Protein Deserves Extra Attention
The standard recommendation for protein is 0.8 grams per kilogram of body weight per day, an amount designed to prevent deficiency in most adults. But research consistently shows that higher intakes are better for building or maintaining muscle. A systematic review in the Journal of Cachexia, Sarcopenia and Muscle found that adults under 65 who do resistance training benefit from at least 1.6 grams per kilogram per day, while adults over 65 see gains at 1.2 to 1.59 grams per kilogram. Intakes above 1.6 grams per kilogram also significantly increased lower-body strength in younger adults.
For a 160-pound (73 kg) person, the baseline recommendation works out to about 58 grams of protein a day. The performance-oriented recommendation of 1.6 g/kg bumps that to roughly 117 grams. That’s a meaningful gap, and it’s the kind of detail a macros diet helps you catch. Without tracking, most people undereat protein.
What to Eat on a Macros Diet
A macros diet doesn’t ban any foods.

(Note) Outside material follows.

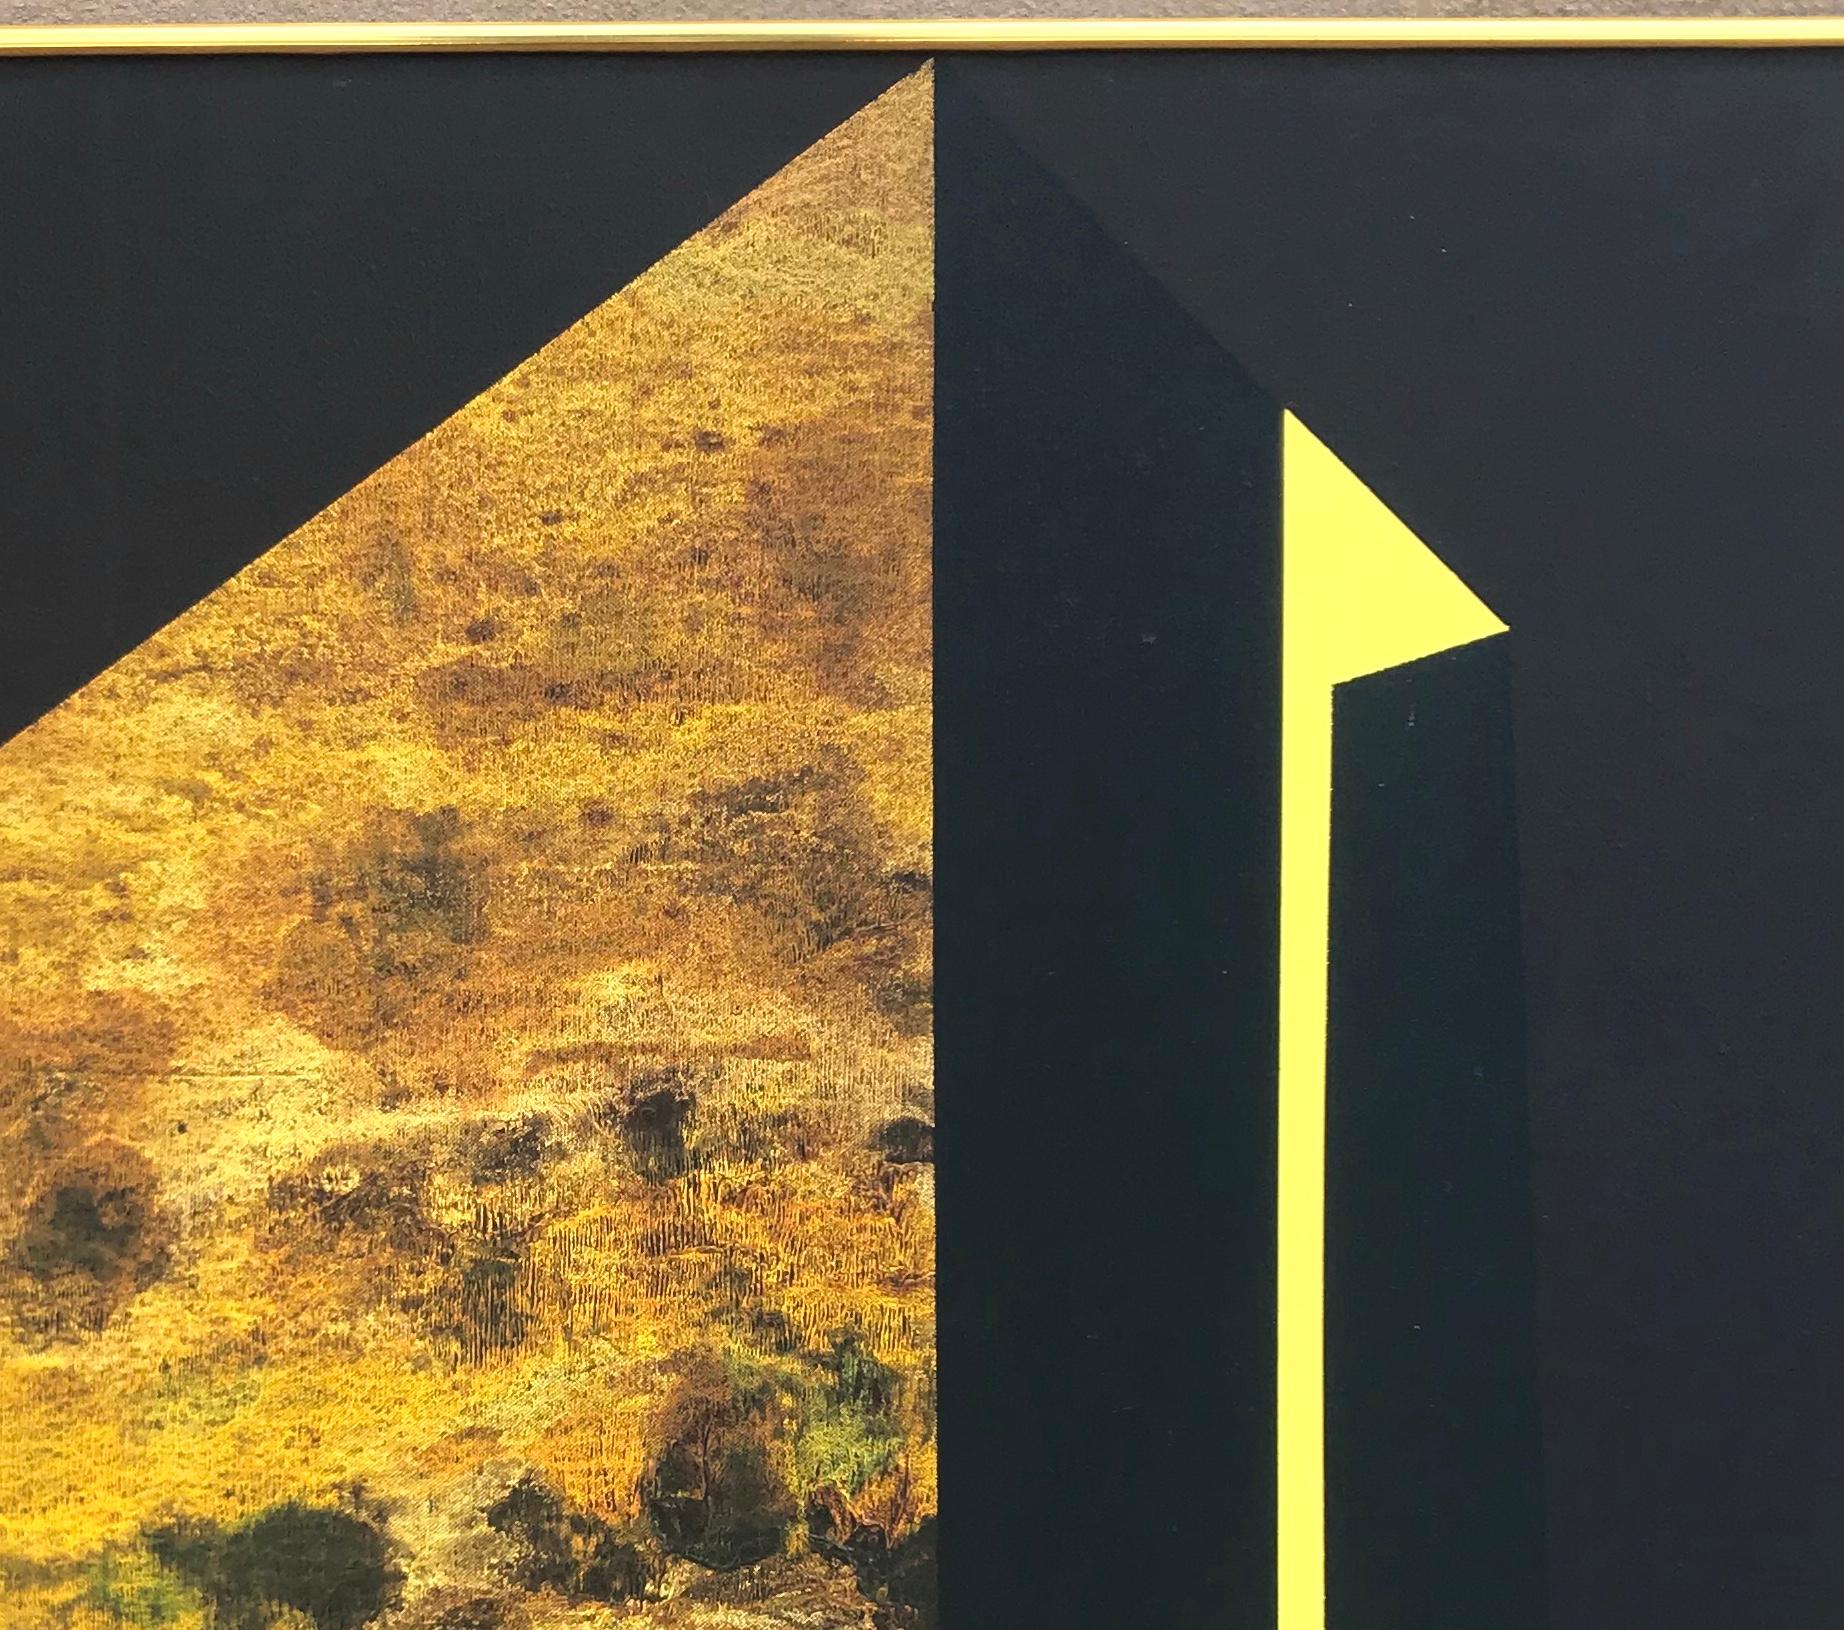 Wonderful large abstract painting by important Washington Color School artist James Twitty (1916-1994). This piece is entitled “Benchmark IV” and was originally sold through the noted Washington DC Osuna Gallery, as evidenced by the gallery label on

You can technically hit your numbers eating pizza and ice cream, an approach sometimes called “flexible dieting” or “if it fits your macros.” In practice, though, whole foods make it far easier to stay within your targets while actually feeling full and getting the micronutrients your body needs.
Good protein sources include chicken, turkey, fish, eggs, Greek yogurt, cottage cheese, tofu, and legumes. For carbohydrates, lean toward complex carbs: sweet potatoes, white potatoes, oats, quinoa, farro, bulgur wheat, barley, beans, lentils, and fruits. These digest more slowly and keep blood sugar steadier than refined options like white bread or sugary snacks. For fat, prioritize avocados, nuts, seeds, olive oil, and fatty fish like salmon.
Net Carbs and Fiber
If you’ve seen the term “net carbs” on food packaging, here’s what it means: total carbohydrates minus fiber (and sometimes minus sugar alcohols). The logic is that fiber doesn’t significantly affect blood sugar, so those grams can be subtracted from the carb total. Sugar alcohols, a type of sweetener found in many low-sugar products, also get deducted for the same reason. Net carbs matter most if you’re following a very low-carb approach, but for standard macro tracking, most people simply count total carbs and track fiber separately to make sure they’re getting enough.
Practical Tips for Getting Started
You don’t need to be perfect from day one. Start by tracking what you currently eat for a few days without changing anything. Most people are surprised by how much fat they consume and how little protein they get. From there, adjust gradually. A food scale is the most accurate way to measure portions, especially for calorie-dense foods like nuts, oils, and cheese where eyeballing leads to big errors.
Tracking apps do most of the math for you. You scan a barcode or search for a food, log the amount, and the app tallies your running macro totals. Over time, you’ll develop an intuitive sense of what a 30-gram protein serving looks like or how many carbs are in a cup of rice, and you won’t need to weigh everything forever. Many people track strictly for a few months, then shift to a looser approach where they estimate based on what they’ve learned.
The biggest adjustment is usually hitting your protein target. Spreading protein across three or four meals rather than loading it all into dinner makes it more manageable and may improve absorption. Aim for 25 to 40 grams of protein per meal as a practical starting point, and fill the rest of your plate with complex carbs and healthy fats.